Archive for October 2009
Bill 104: While English Canada Obsesses Over Language Mafia Takes Over Montreal
You know how the English-Canadian media is always lecturing the Québécois on how their language issues are distracting them from the real important stuff, like economic developement and roads? And how the separatist obsession with language is killing Montreal and has been causing it’s decline?
Two stories broke in the news yesterday. One involved language, the other one about… hum… just something about the Mafia running the City of Montreal.
The three French-language dailies in Montreal headlined with the Mafia story. Only le Devoir even mentioned the Supreme Court ruling on bill 104 on the first page. The Montreal Gazette went for the language headline and gave the story about the former of leader of the opposition and former executive council member Benoit Labonté’s allegations that the City of Montreal’s administration is hostage to organised crime a whopping 1/40th of the front page.
Inside, the Gazette gave the language story more that 4000 word, including the main editorial. The City Hall scandal? 332. Eighteen less words that this post.
The National Post also headlined with language. No national daily in Canada mentions the fact that Canada’s second major city is in the midst of a major corruption scandal one week from a general election.
A Google.ca news search for bill 104 on the 22nd and 23rd of october returned 167 stories in English. A search for Labonte returned ony 21 articles. A search in French netted 84 stories for Labonte as opposed to only 47 about Loi 104.
Vigile.net, the ultra-nationalist clearinghouse for all things language and separatism-related in the Québec media lists 50 stories on Bill 104 and 90, almost twice as many, on the City Hall scandals.
Even those language-obsessed separatists of the Parti Québécois are reported by Radio-Canada not to have mentioned language, the Supreme Court or Bill 104 for the first 20 minutes of question period!
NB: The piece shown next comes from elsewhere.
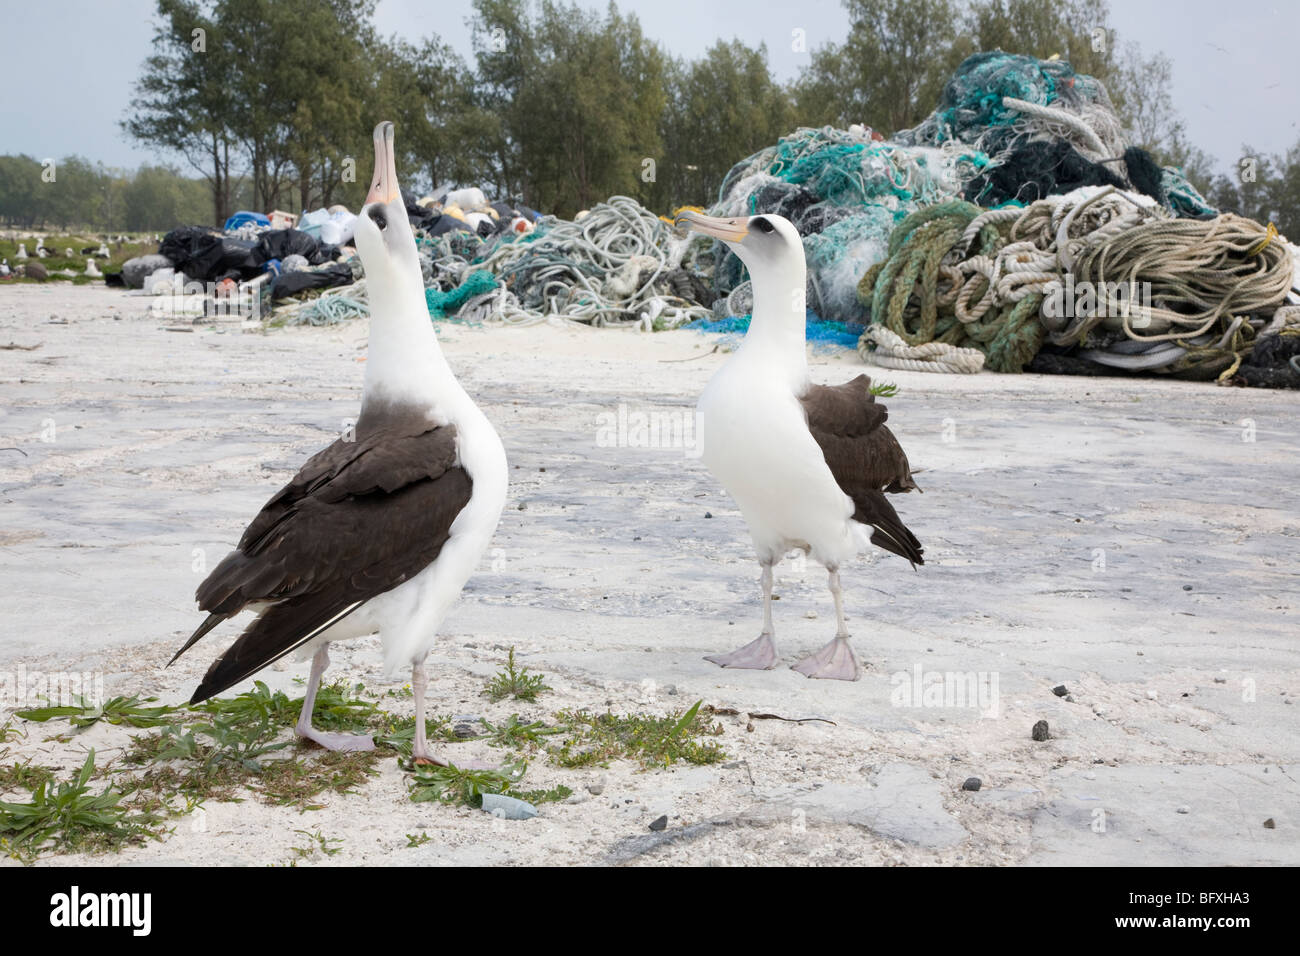 Laysan Albatross courtship dance near pile of marine debris including fishing nets and plastic collected on North Pacific island shores Stock Photo

Meanwhile, the “Top court strikes down Quebec English school law” is the most active story of the day on CBC.ca with 1170 comments and growing. The four stories on the Montreal situation, stories that just might be the answer to the eternal question as to why Montreal has so many potholes, have a total of 94 comments.
Bill 104: The Supremes Got It Right
The Bill 104 case was not about language. It was about fraud. The plaintiff’s represented by Brent Tyler were not contesting the articles of the Charter of the French Langage that say they couldn’t send their children to publicly funded English-language schools in Québec. They went to court to protect a right to cheat.
The Court has already examined the articles of Bill 101 that say only a child who has himself, or who’s parents have, received the majority of their schooling in English somewhere in Canada can go to public English schools in Québec. They ruled them to be just fine.
This case was not about that at all. This case was about parents who had found a loophole in the law by which they could buy their children a spot in a public school by sending one child to an unsubsidised private school for one year and then claim that their six year old child had received « the majority of his schooling in an English school in Canada. »
This case has nothing whatsoever with these parents’ right to choose the language of education of their children. They have that right. They exercised it when they paid for the private school.
This case was about my obligation to pay for the English-language education of the children of people too stupid and disoriented to find the English-speaking part of North America or too cheap to send them to summer camp at the Y.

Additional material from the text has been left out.